The power rule is the most fundamental formula and holds for all \( \large n \neq -1 \):

 

$$ \large \int x^n\,dx \;=\; \frac{x^{n+1}}{n+1} + C $$

 

Example:

$$ \large \int x^4\,dx \;=\; \frac{x^5}{5} + C $$

 

 

4. Logarithmic rule

When the exponent is \( \large -1 \), a special rule applies because the power rule cannot be used. In this case, the natural logarithm appears:

 

$$ \large \int \frac{1}{x}\,dx \;=\; \ln|x| + C $$

 

 

5. Exponential functions

The integral of an exponential function with base \( \large e \) is again an exponential function:

 

$$ \large \int e^x\,dx \;=\; e^x + C $$

 

If the exponent is a linear function \( \large ax \), the result is adjusted by \( \large \frac{1}{a} \):

 

$$ \large \int e^{ax}\,dx \;=\; \frac{1}{a}e^{ax} + C $$

 

 

6. Trigonometric functions

The most important integrals of sine and cosine are:

 

$$ \large \int \sin x\,dx \;=\; -\cos x + C $$

$$ \large \int \cos x\,dx \;=\; \sin x + C $$

 

 

7. Composite functions (reverse chain rule)

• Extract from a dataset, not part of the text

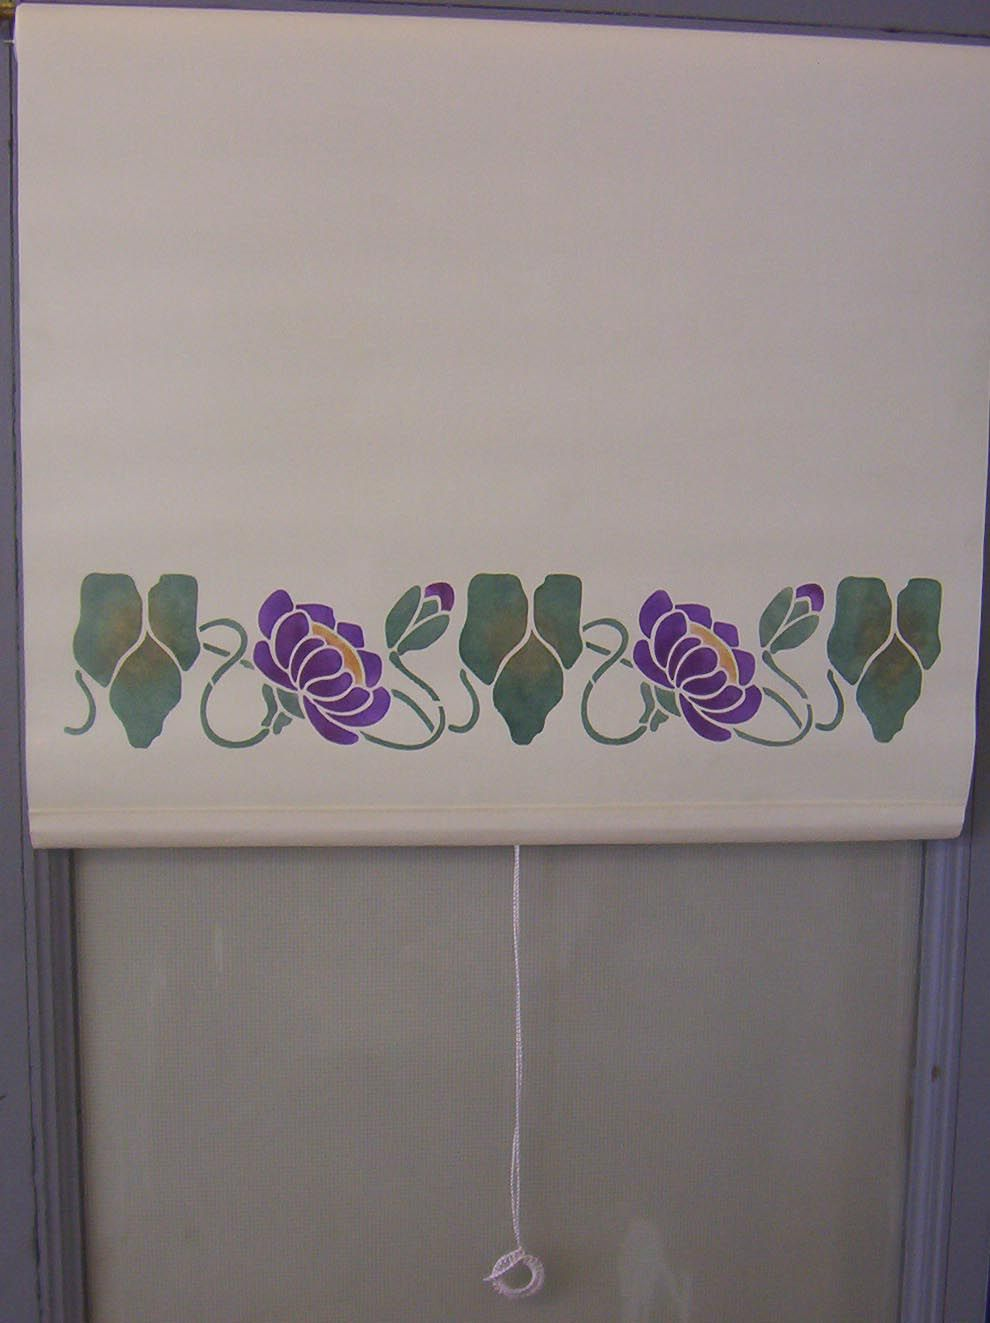 Arts Crafts Stencils Stencil Crafts Wallpaper Stencil Arts And Crafts
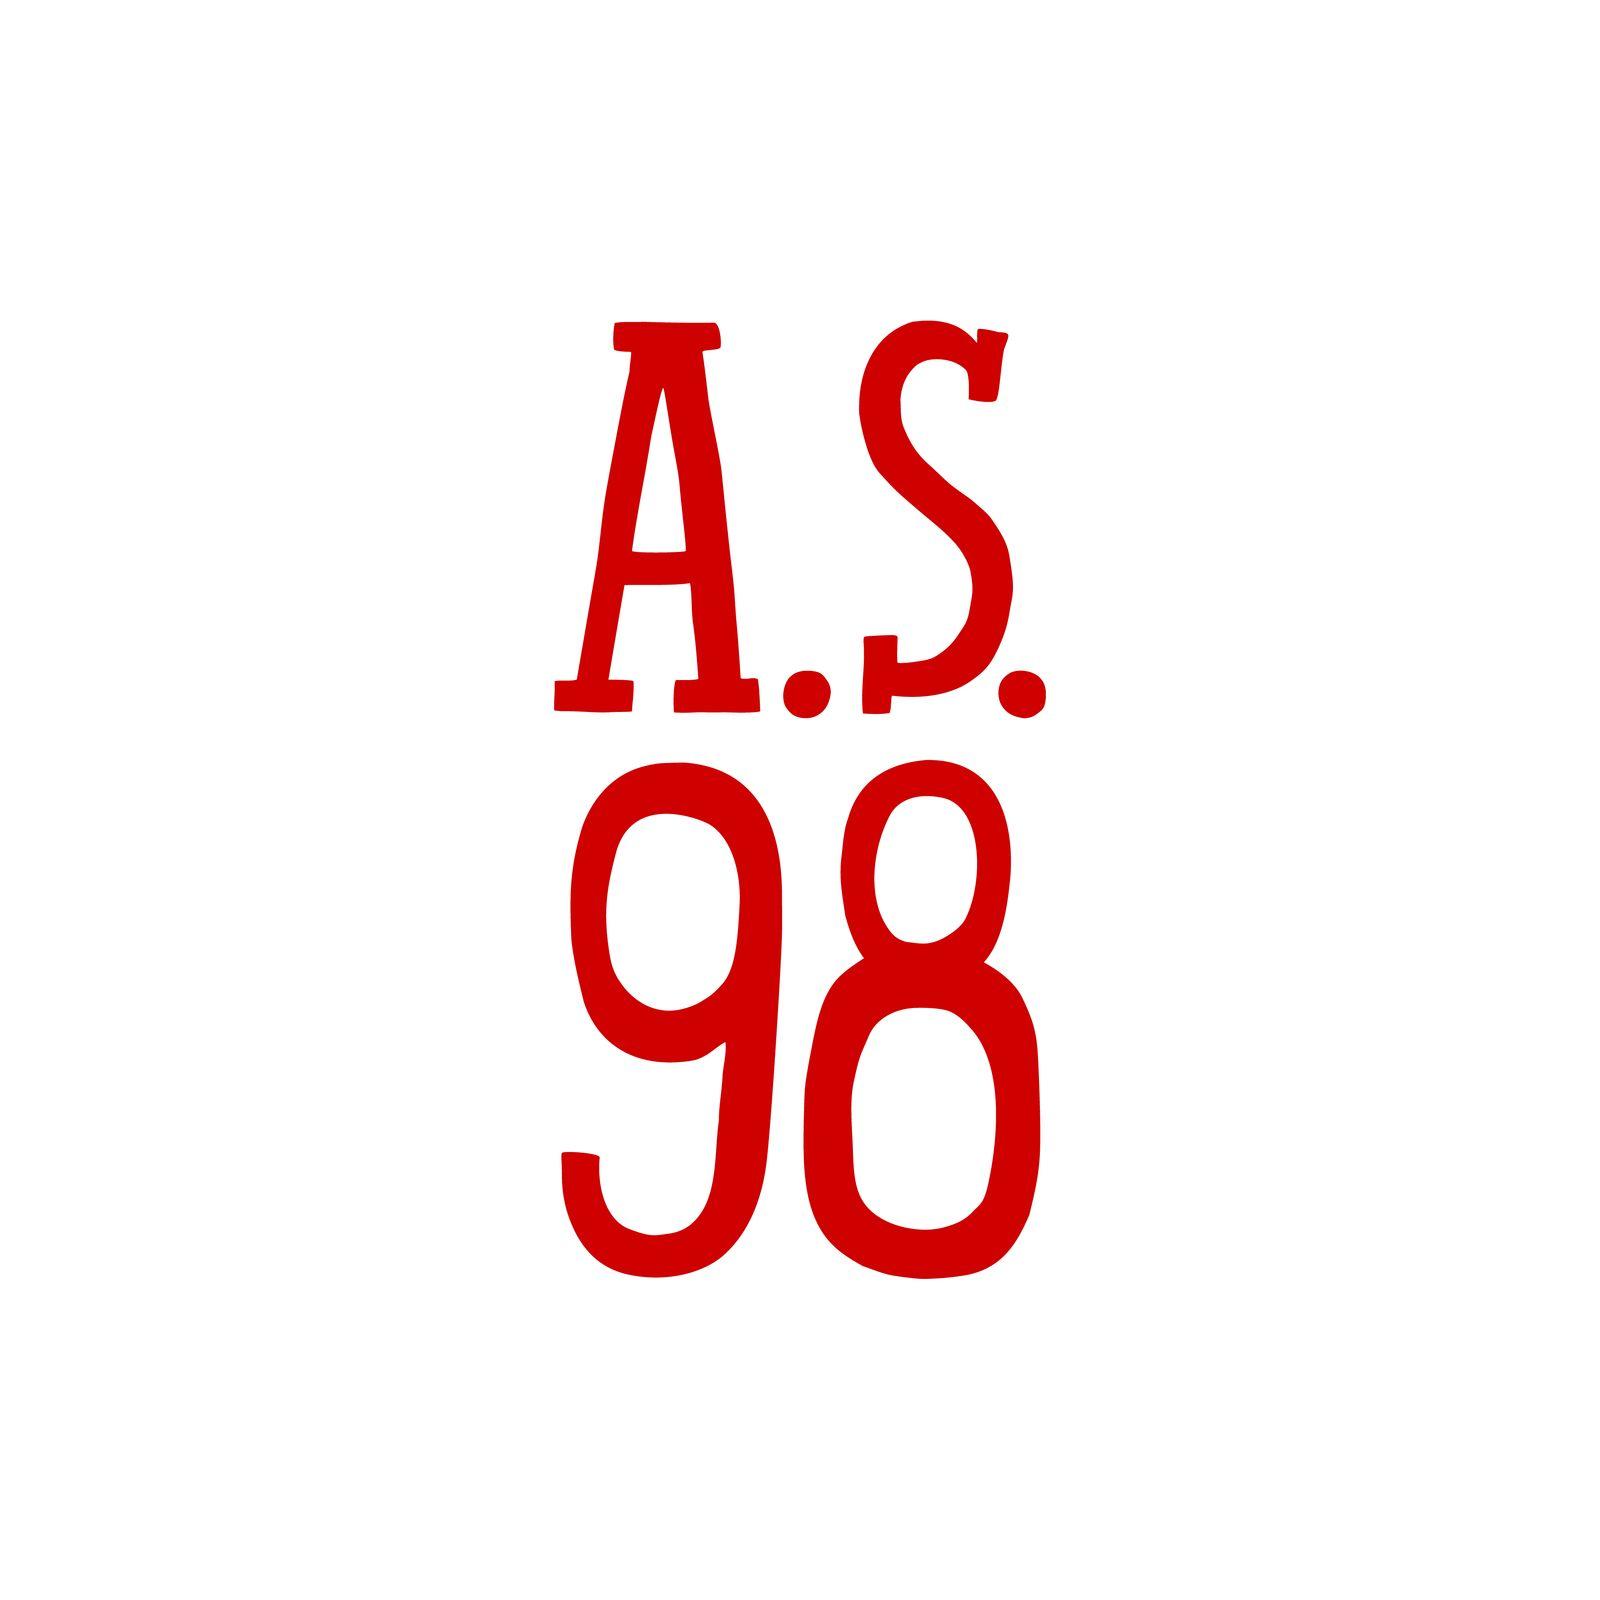 A.S.98 (Bild 1)

If the function consists of an inner expression whose derivative appears outside, you can integrate “backwards” using substitution (covered later). A simple form is:

 

$$ \large \int f'(x)\,f(x)^n\,dx \;=\; \frac{f(x)^{n+1}}{n+1} + C $$

 

Example:

$$ \large \int 2x(x^2 + 1)^3\,dx \;=\; \frac{(x^2 + 1)^4}{4} + C $$

 

 

Summary

These calculation rules make it possible to find integrals quickly and reliably. The constant factor, sum, and power rules are used in almost every computation. They form the foundation for more advanced methods such as substitution and integration by parts.